● EXERCISE AIM:
Pictures must not appear in the copy. Restate exactly the lines below from the one with "Bekilli Kaymakamı Şenoğlu, Kıbrıs" through the one with "Cristina Herrero, presidenta", inclusive.

● EXTRACTED DATA:
Start of Block

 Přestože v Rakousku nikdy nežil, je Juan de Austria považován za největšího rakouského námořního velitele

End of Block
Start of Block

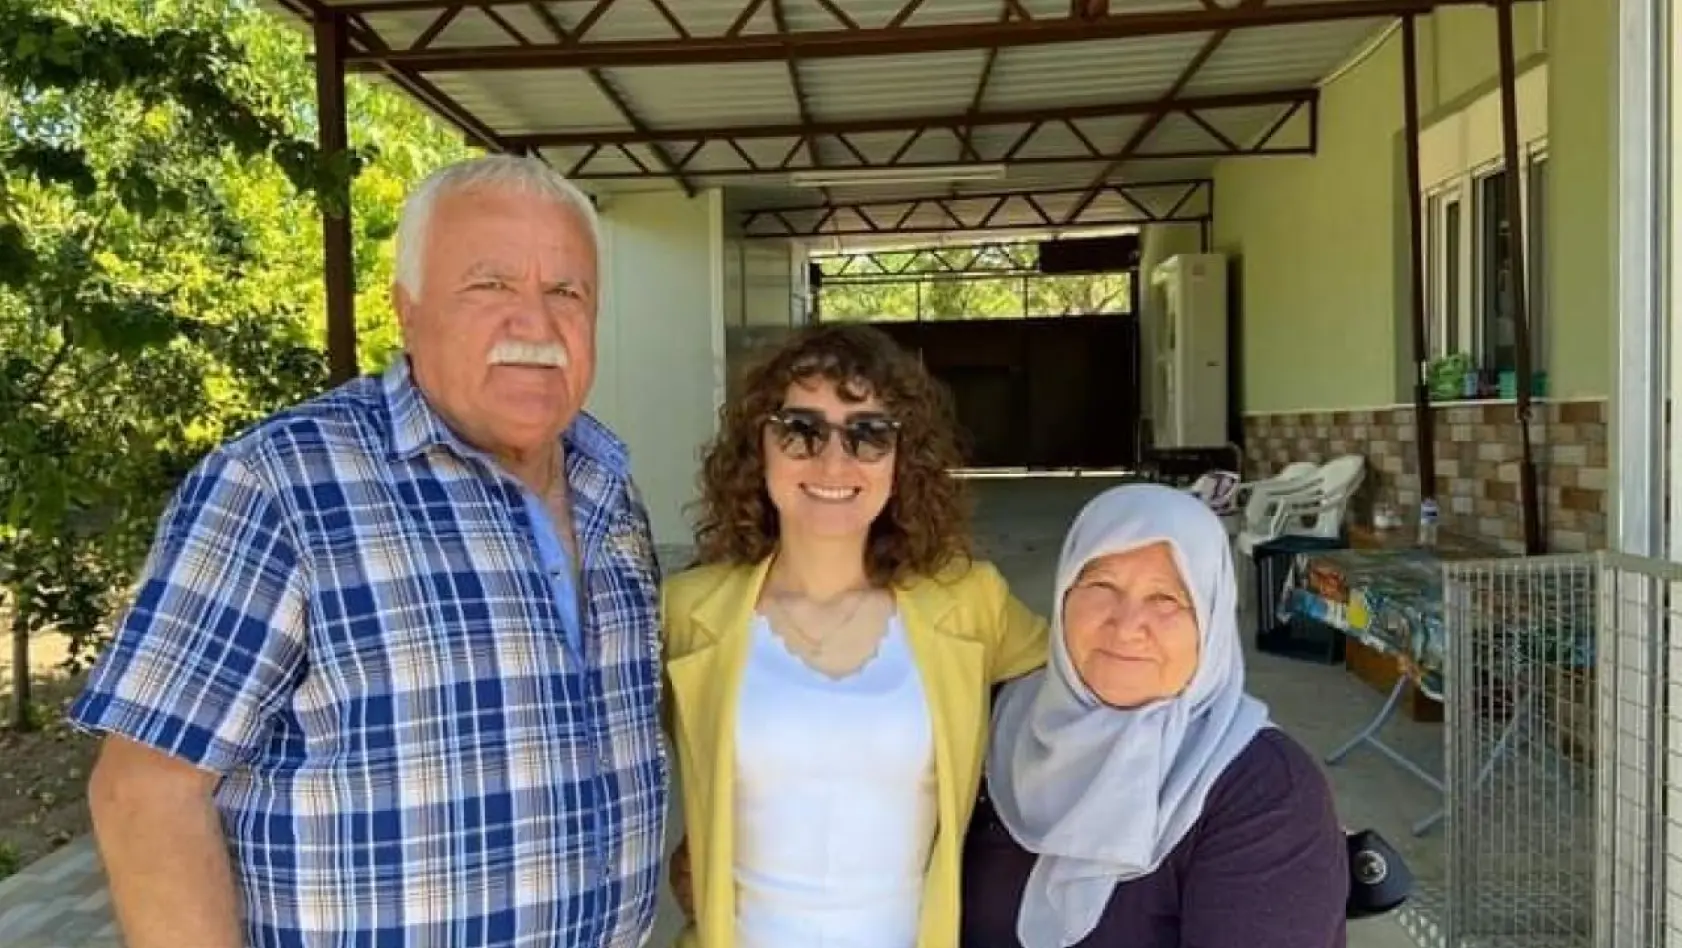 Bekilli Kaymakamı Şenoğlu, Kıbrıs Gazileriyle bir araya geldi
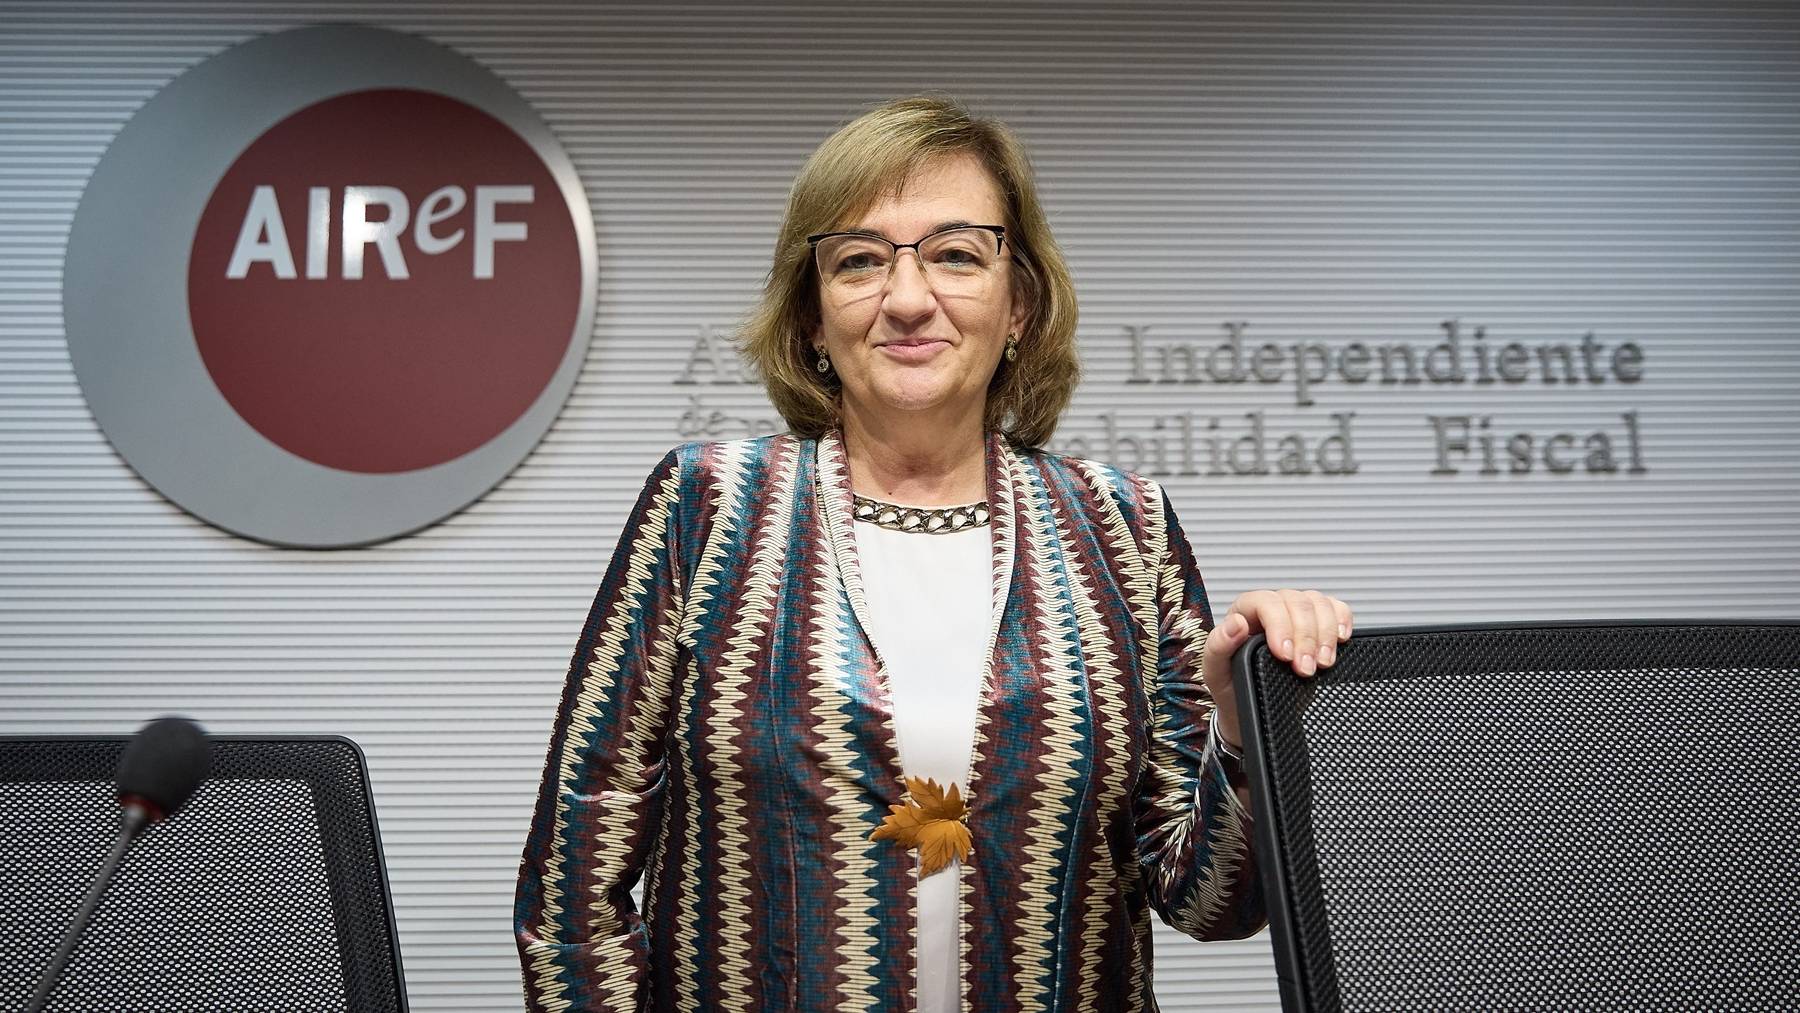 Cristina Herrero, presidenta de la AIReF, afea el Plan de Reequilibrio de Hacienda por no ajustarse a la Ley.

End of Block

● OUTPUT BELOW:
 Bekilli Kaymakamı Şenoğlu, Kıbrıs Gazileriyle bir araya geldi
 Cristina Herrero, presidenta de la AIReF, afea el Plan de Reequilibrio de Hacienda por no ajustarse a la Ley.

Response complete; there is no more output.